When funding research and development, the federal government enters into various types of contracts, including:
- Research grant agreements
- Procurement contracts
- Cooperative agreements
These contracts and agreements exist to set the terms of developmental, experimental, and research work funded at least partially by the federal government. Any inventions that come from these federally funded R&D efforts are retained by the U.S. Federal Government. Those rights are included in the “Government Interest Statement,” found on every patent and patent application in the country.
Those rights include irrevocable and non-exclusive licenses that are free of royalties on thousands of patents owned by the U.S. Government. The government also has all types of other rights associated with its patents, including the right to approve assignments, march-in rights, the right to require a license on a background patent, the right to require licensing by the owner, the right to limit the terms of the agreement, and the right to reverse ownership.

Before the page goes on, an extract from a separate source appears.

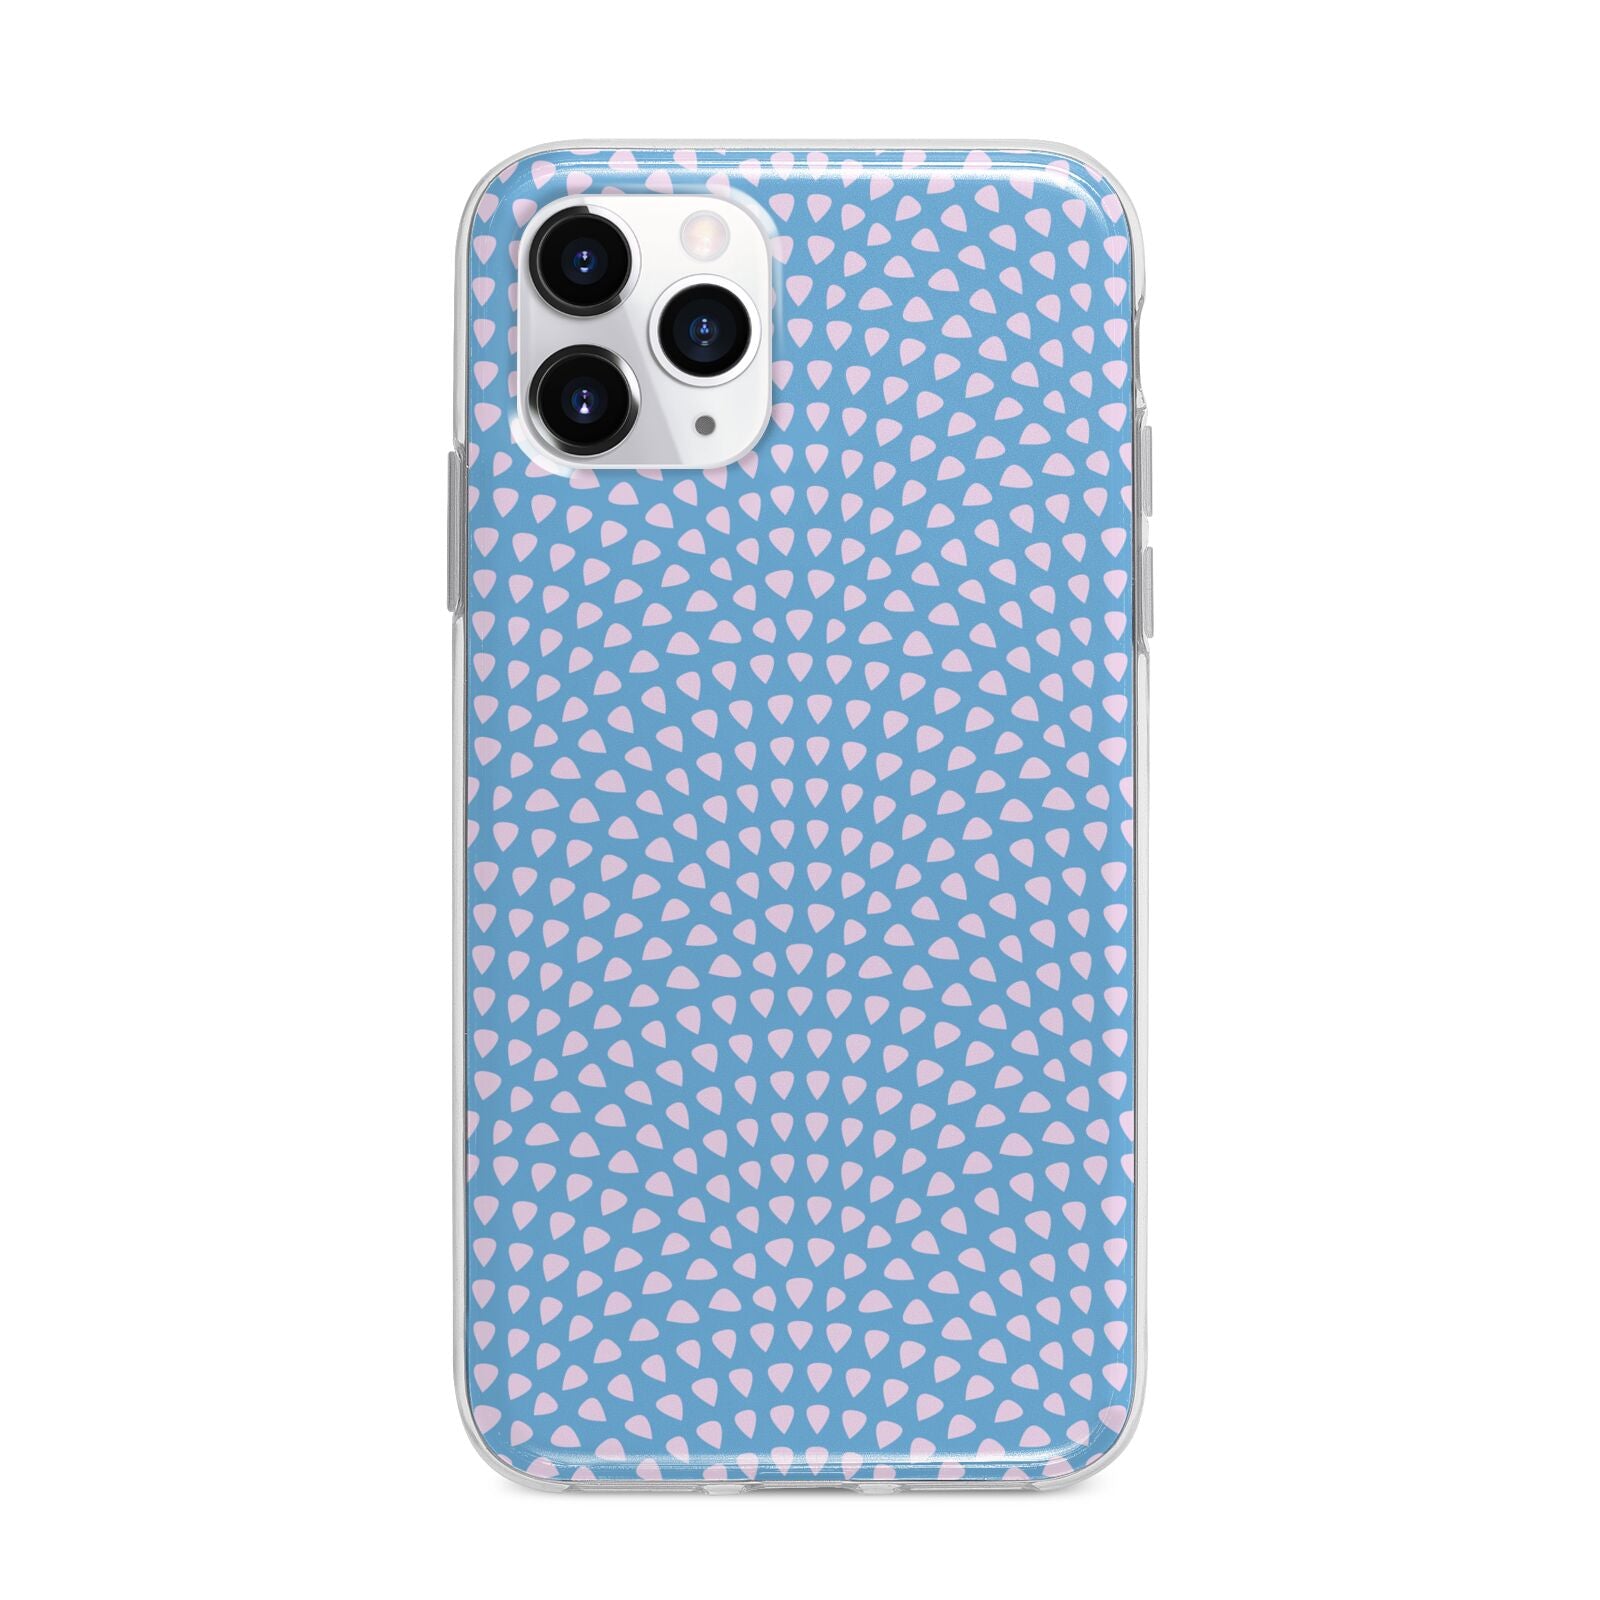 Coastal Pattern Apple iPhone 11 Pro Max in Silver with Bumper Case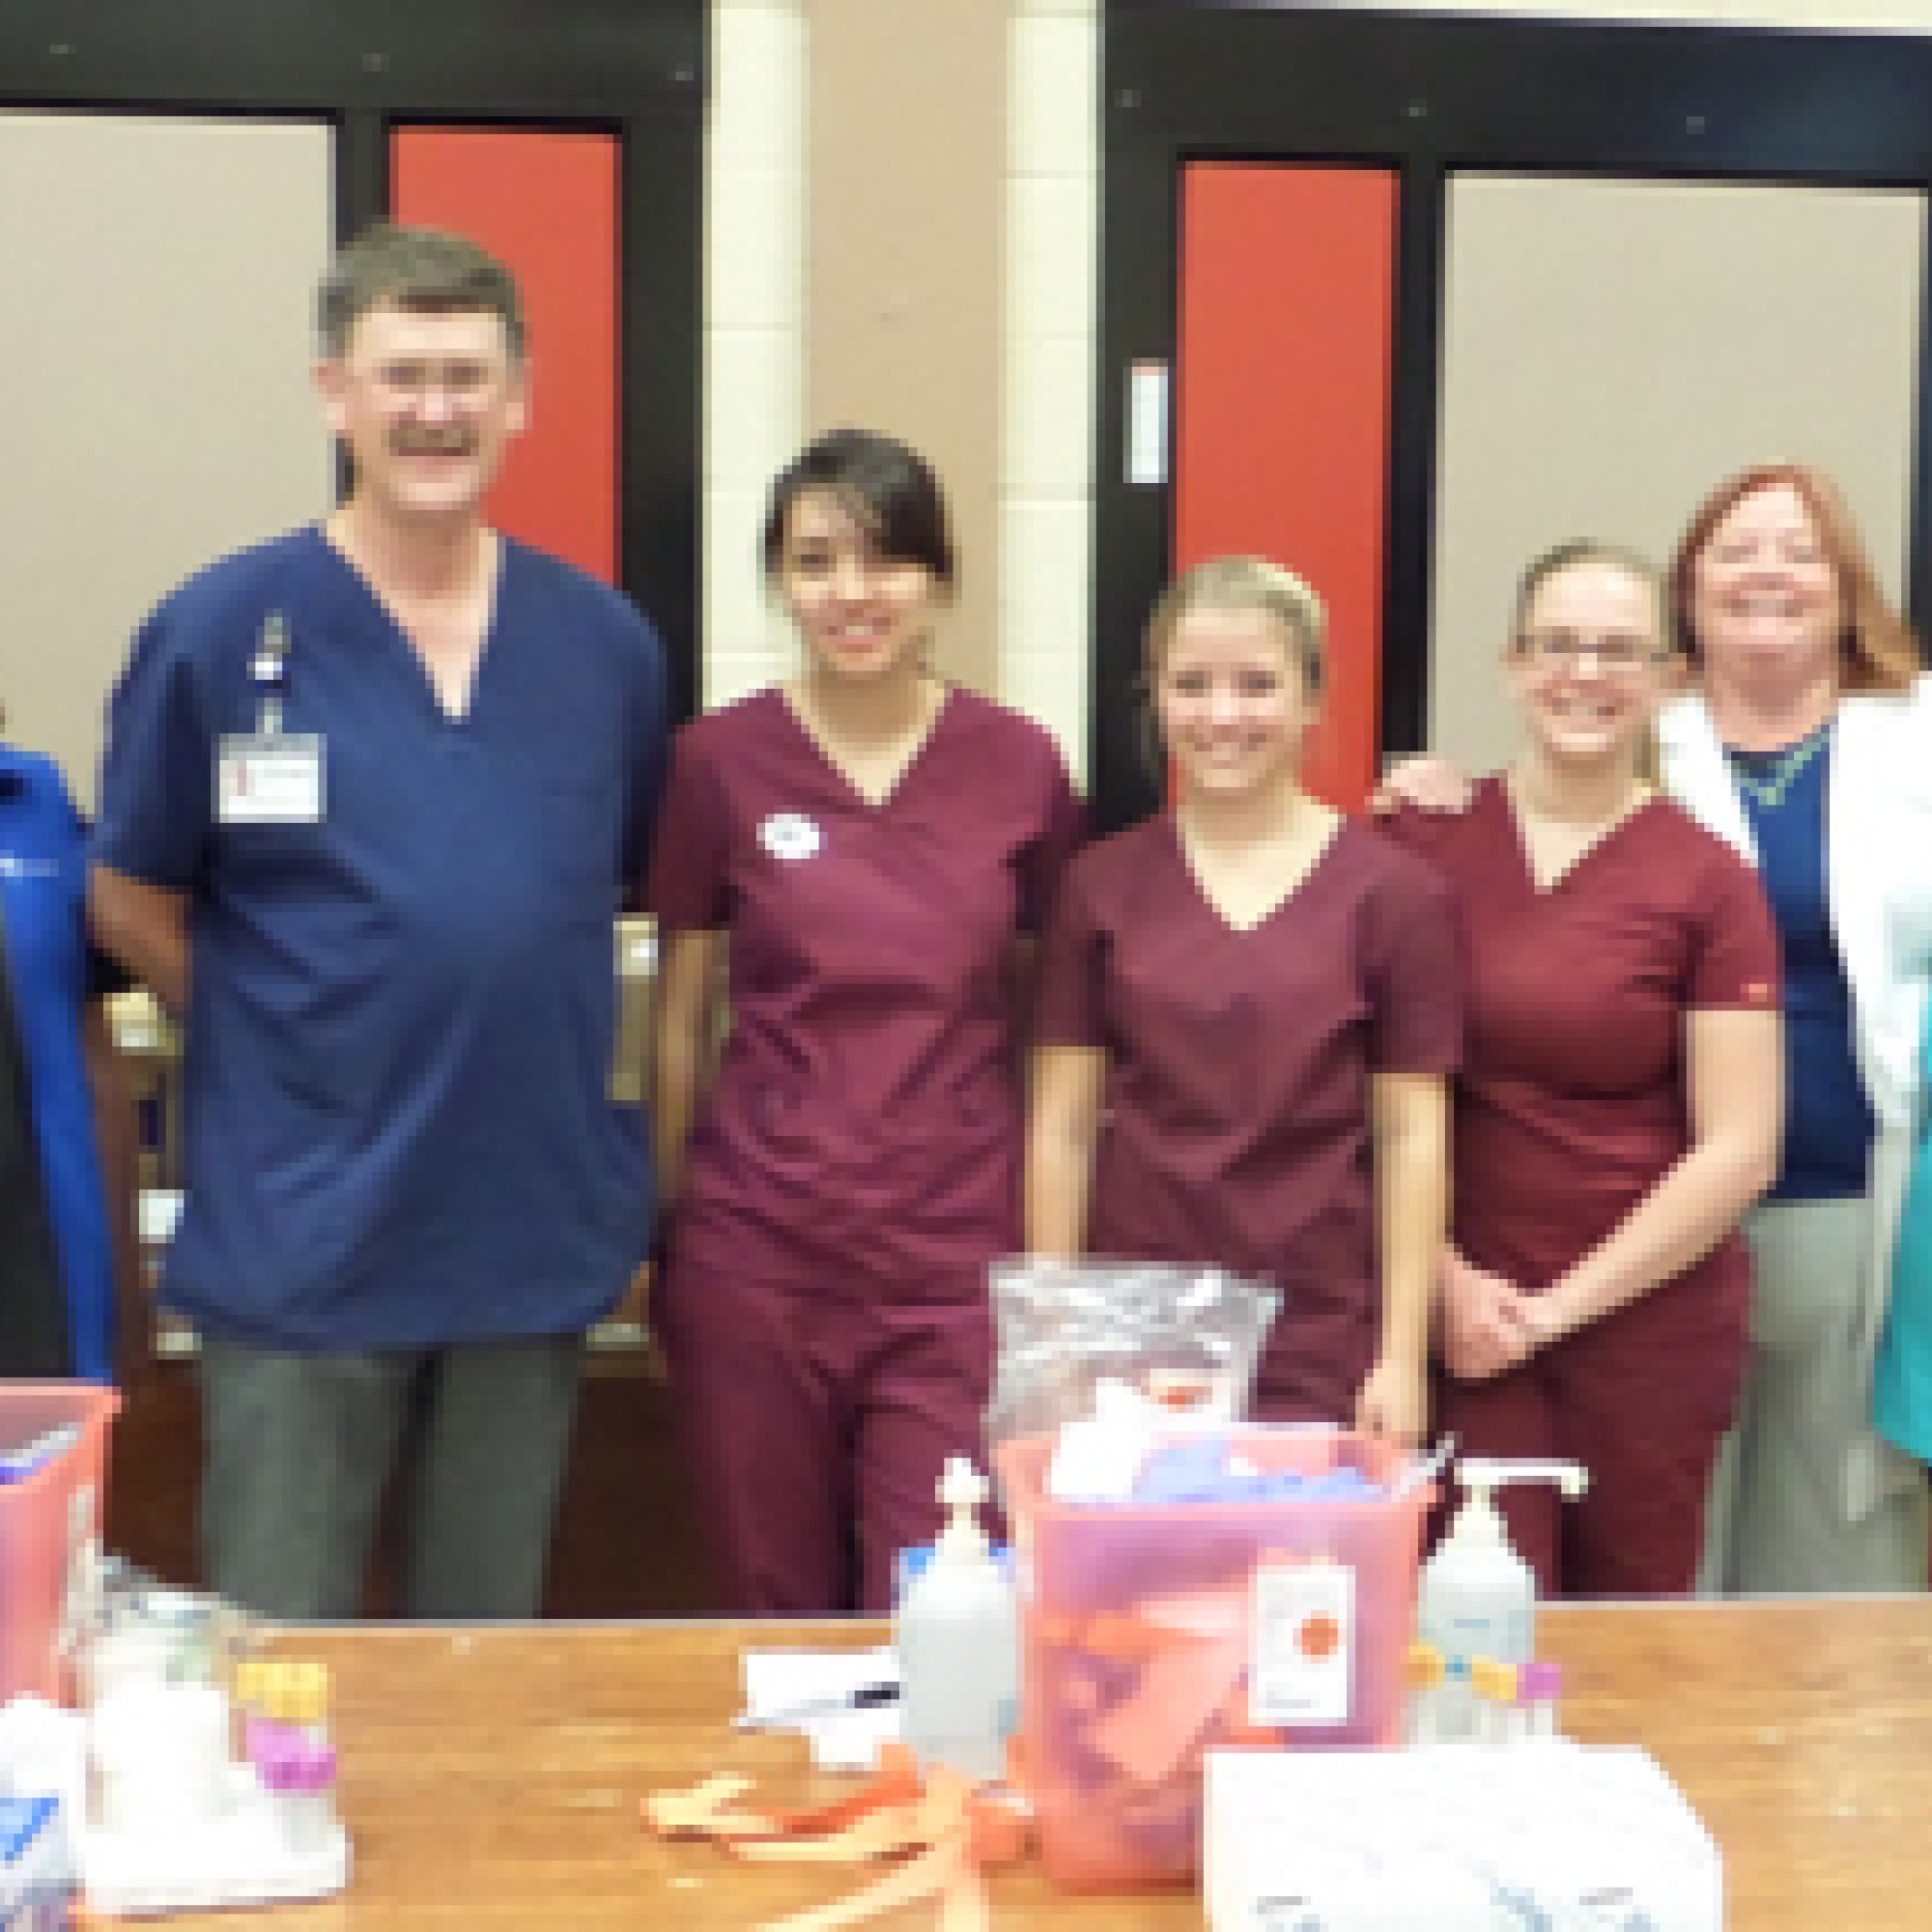 Phlebotomy students in classroom

One complex problem that comes from R&D funded by the federal government is deciding who owns the right to the patent, between any government employees, university employees, government contractors or subcontractors, and universities, as well as the government itself.
When deciding how to allocate government funds for R&D, the process is heavily regulated by federal acquisition regulations, federal laws, and executive orders, along with policies and regulations from more than 25 different governmental agencies. When allocating patent rights between the government and governmental employees, this action is detailed in Executive Order 10096. Government employees are not contracted in their employment, which is different from employees in the private sector.
In 1950, Executive Order 10096 went into effect to create a universal method to allocate patent rights between government agencies and their employees. The majority of patents owned by the federal government exist under this executive order's provisions.
Within the executive order, the main section details that the federal government obtains all rights to inventions made by employees if the invention:
- Is created using government equipment or facilities
- Is created during working hours
- Is created with the assistance of another government employee on duty
- Relates to the inventor's official duties
An additional provision under the order states that the government does not have to take title for the invention if it doesn't serve a benefit. For example, an invention created by an employee using government materials or time only minimally does not require the government to take title. If the government doesn't have sufficient interest in the invention, it may have the right to take title but could elect not to do so. Even when the government chooses not to take title, it does retain a royalty-free, non-exclusive, and irrevocable license, as well as the power to grant additional licenses.
The executive order includes guidelines to allocate patent rights, but allocating those rights requires all complex issues to be resolved first. Some of the complex issues that can come up include:
- What are a government employee or contractor's official duties?
- When is an invention actually made?
- When should the government elect not to take the title?
When resolving these issues, the various governmental agencies will review factual circumstances and how they relate to the executive order, as well as how they are interpreted by a judge.
The right for the federal government to own a patent for an invention developed under research and development sponsored by the government through small business organizations, universities, and nonprofit organizations exists in accordance with terms set forth in the agreement. Prior to 1980, the clauses related to patent rights in a funding agreement were decided by the agency's policies and legislation. In some cases, the agencies would keep the title, and in others, they would not.